> [Activity]:
Filter the listing below, copying every line in which the word "Image" appears.

● ● ● ●

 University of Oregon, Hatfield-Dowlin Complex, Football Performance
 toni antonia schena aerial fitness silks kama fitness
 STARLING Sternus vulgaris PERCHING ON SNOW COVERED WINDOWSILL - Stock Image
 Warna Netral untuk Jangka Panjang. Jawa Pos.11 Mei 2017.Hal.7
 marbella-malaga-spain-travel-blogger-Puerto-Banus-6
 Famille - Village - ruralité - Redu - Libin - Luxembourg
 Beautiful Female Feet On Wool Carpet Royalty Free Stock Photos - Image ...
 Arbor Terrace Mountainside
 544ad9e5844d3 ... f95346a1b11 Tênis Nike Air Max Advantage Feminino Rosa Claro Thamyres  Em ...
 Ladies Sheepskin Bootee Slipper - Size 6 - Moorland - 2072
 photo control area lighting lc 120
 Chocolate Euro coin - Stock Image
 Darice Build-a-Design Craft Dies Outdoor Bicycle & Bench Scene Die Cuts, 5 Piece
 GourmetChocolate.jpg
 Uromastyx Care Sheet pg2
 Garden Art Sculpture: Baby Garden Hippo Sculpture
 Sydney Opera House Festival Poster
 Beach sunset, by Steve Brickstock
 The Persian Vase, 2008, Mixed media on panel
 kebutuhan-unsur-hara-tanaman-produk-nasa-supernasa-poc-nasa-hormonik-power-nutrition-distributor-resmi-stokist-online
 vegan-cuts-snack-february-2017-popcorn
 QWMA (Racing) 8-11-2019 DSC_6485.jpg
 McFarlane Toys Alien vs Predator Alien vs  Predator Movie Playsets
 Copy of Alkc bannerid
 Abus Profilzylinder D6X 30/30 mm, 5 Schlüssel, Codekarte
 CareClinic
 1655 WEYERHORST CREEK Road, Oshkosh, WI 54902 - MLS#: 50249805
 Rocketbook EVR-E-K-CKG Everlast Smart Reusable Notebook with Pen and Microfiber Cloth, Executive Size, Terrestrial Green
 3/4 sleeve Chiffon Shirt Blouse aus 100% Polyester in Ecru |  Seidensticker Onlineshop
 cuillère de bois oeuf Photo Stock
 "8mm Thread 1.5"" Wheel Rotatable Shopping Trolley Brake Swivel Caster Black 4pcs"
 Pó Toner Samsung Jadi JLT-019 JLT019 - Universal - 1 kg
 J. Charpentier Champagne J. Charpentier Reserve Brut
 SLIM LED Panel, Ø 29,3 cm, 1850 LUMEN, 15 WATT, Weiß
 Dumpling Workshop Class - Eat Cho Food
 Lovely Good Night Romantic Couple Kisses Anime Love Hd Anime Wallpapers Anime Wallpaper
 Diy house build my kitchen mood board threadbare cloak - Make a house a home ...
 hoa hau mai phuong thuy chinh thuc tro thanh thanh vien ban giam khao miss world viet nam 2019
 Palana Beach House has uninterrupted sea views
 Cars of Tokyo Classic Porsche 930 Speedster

● ● ● ●

> [Task output]:
 STARLING Sternus vulgaris PERCHING ON SNOW COVERED WINDOWSILL - Stock Image
 Beautiful Female Feet On Wool Carpet Royalty Free Stock Photos - Image ...
 Chocolate Euro coin - Stock Image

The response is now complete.